I've gone to matches in multiple countries and watched genuinely diverse crowds, with every age, ability, gender expression and socioeconomic background represented.
But the gaps between FIFA's inclusion messaging and many fans’ lived experience are visible even in those moments of joy.
For LGBTQ+ fans, symbolic commitment doesn't equal material support.

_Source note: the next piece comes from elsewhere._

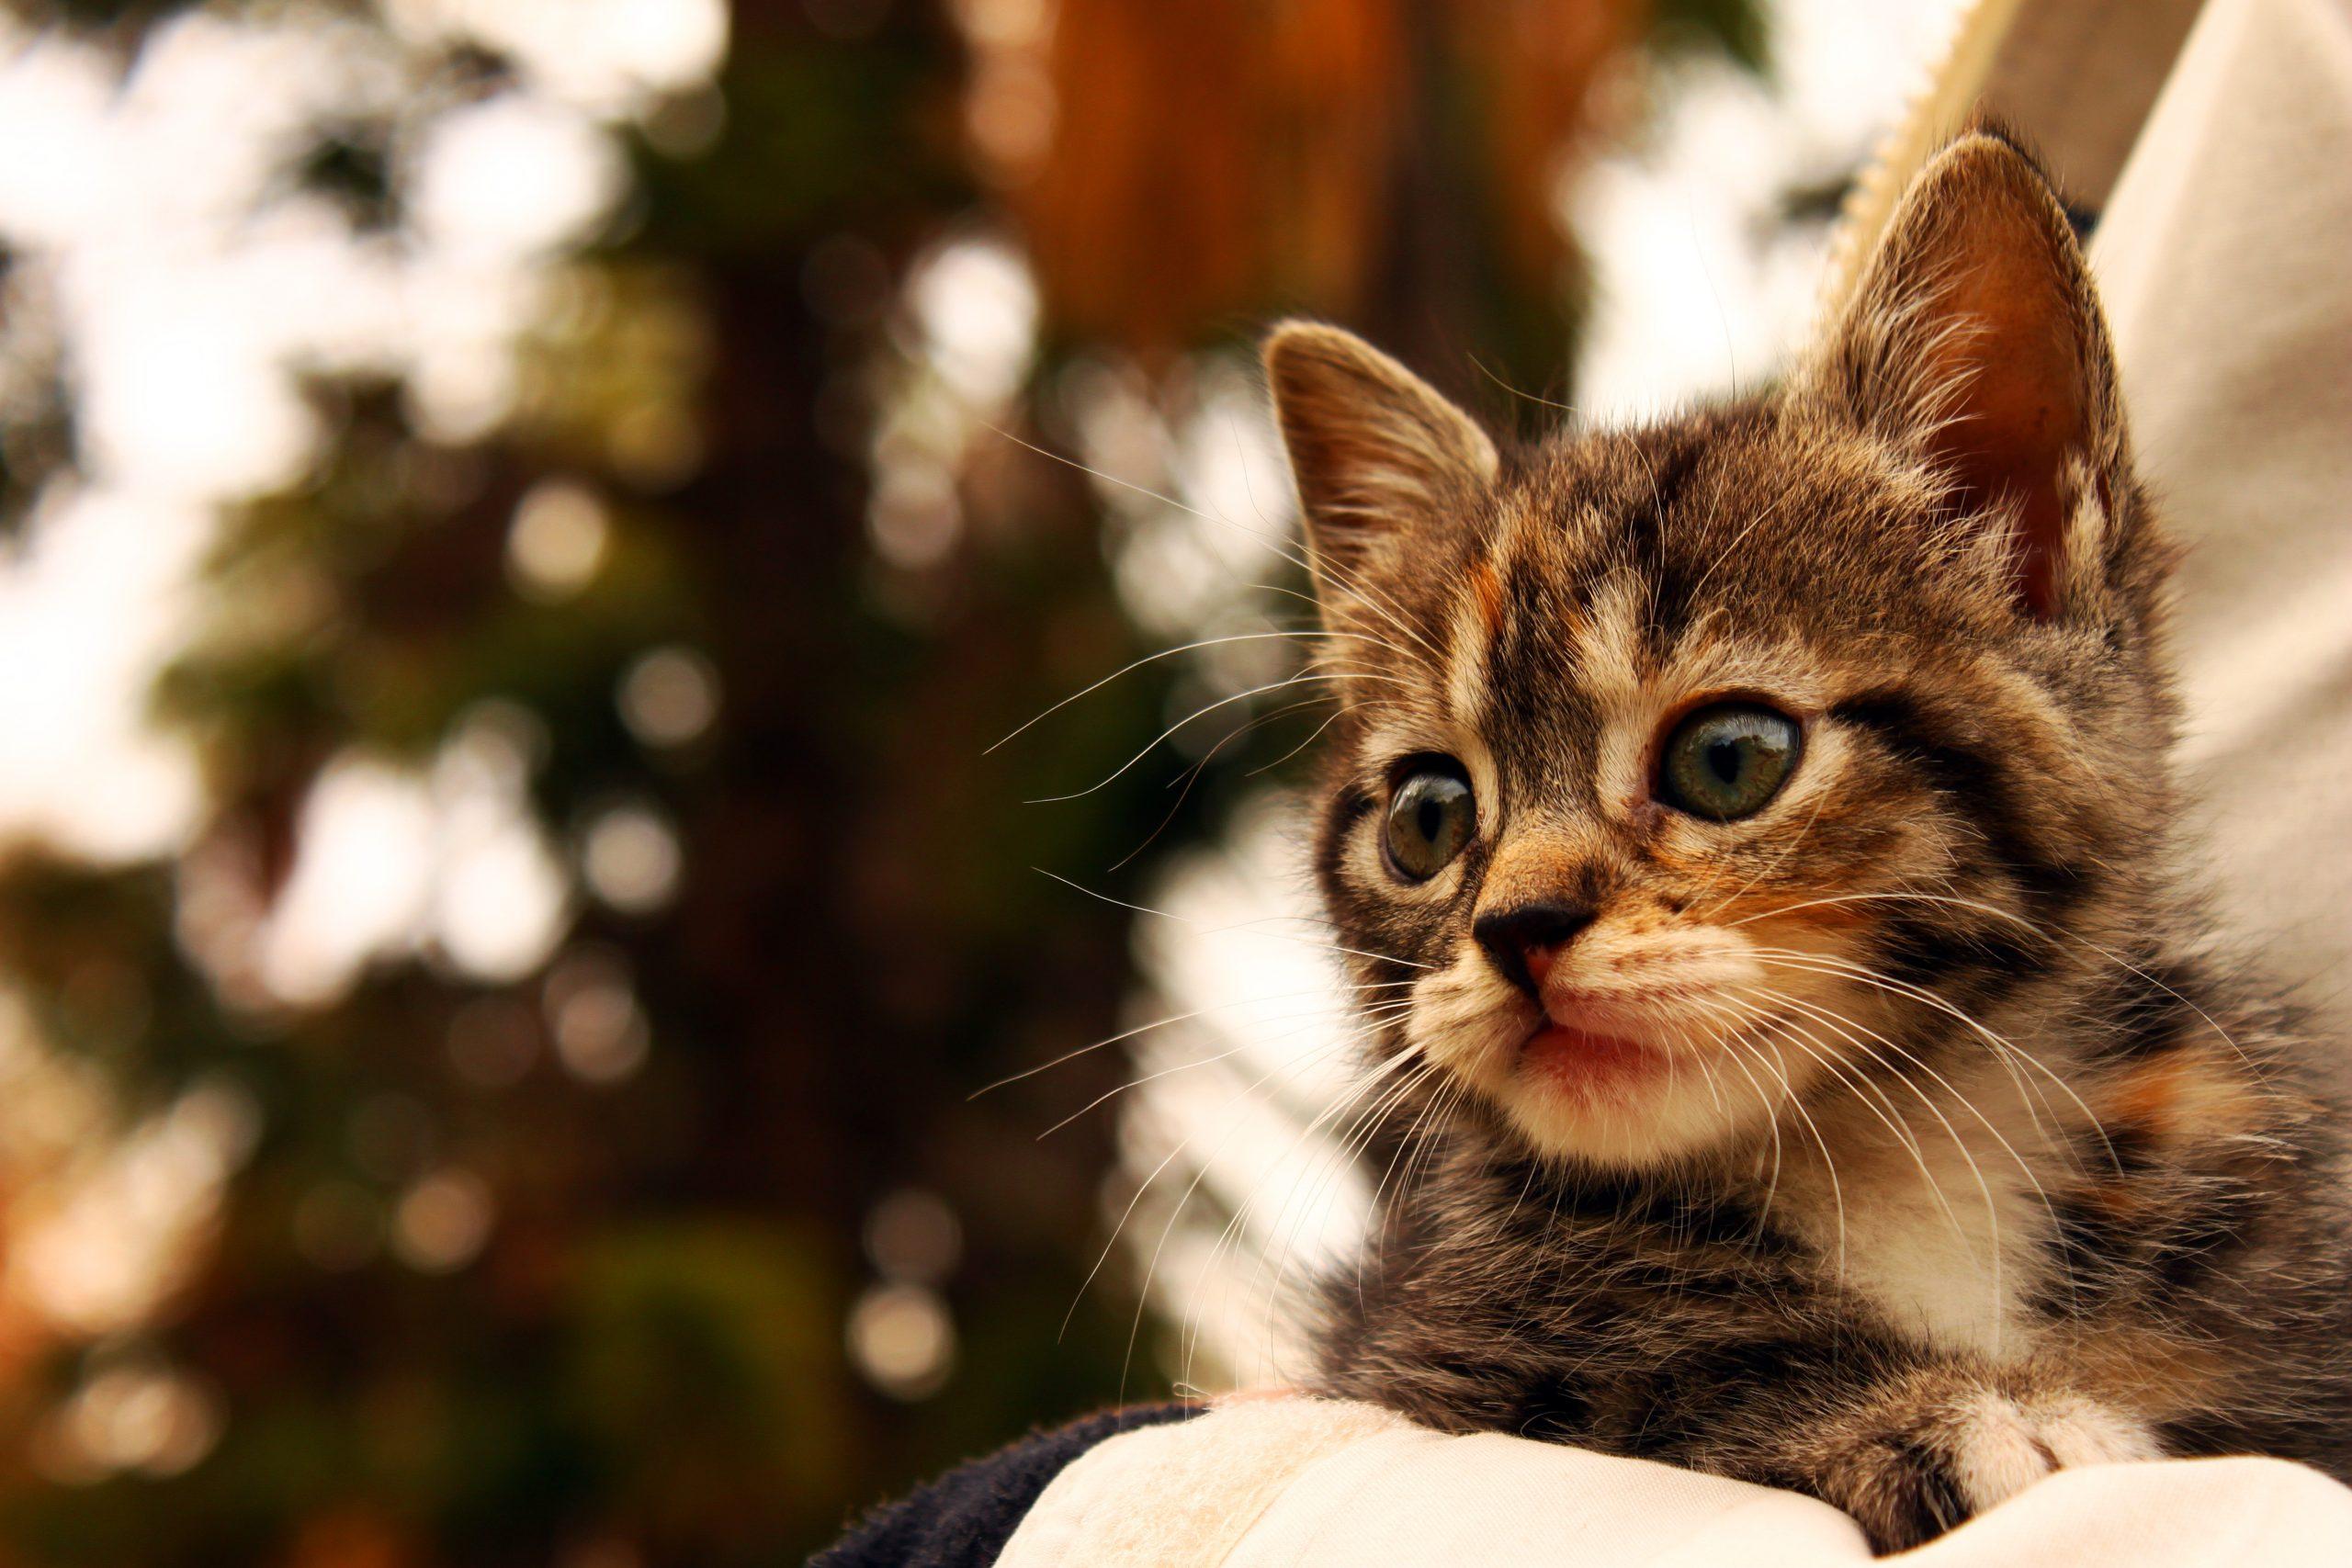 chat problème à cause d'un manque de sevrage

Binary bathrooms remain problematic. Disability access is inconsistent. Women at men's matches report harassment frequently.
These aren't isolated incidents, they reflect a pattern where FIFA’s aesthetics of inclusion exceed the operational changes needed to support it.
Venues that invested in operational changes accessible seating with good sightlines, responsive staff, clear wayfinding, trained personnel created genuinely welcoming experiences.
But those that instead focused on ‘the messaging’ without infrastructure left people navigating barriers alone.
The Seattle Pride Match between Egypt and Iran exemplifies this tension perfectly.

Iran’s Football Federation reportedly demanded that FIFA prevent any “ceremonies or promotional activities” supporting the LGBTQ+ community and restrict Pride.
But the Pride celebrations went ahead anyway. The community stood firm.
It's a reminder that inclusion sometimes requires pushing back against resistance and that FIFA's commitment is tested when member nations actively work against it.
This World Cup isn't creating equality, but it is creating spaces where belonging feels possible.
Women's football has experienced unprecedented visibility over the past decade, with record-breaking FIFA Women's World Cup attendances and television audiences, increased media coverage, greater commercial investment and expanding global fan engagement.

Disability accommodations are becoming models for future events. LGBTQ+ fan zones provided a safe place to celebrate.
These are real gains.
For Australian sport, the lesson is clear. Real inclusion requires infrastructure, not just intention. It requires training staff, not just painting flags.
Once the World Cup is done, the stadium lights will dim.
But while it’s on, the Aussie fans sitting in the cold, the Dutch fans creating hybrid cultures in Texas, and the Scottish supporters coming together in Boston are all experiencing something genuine.
The beautiful game is showing us what's possible when we commit to belonging.
Now we need to decide if we'll make it permanent.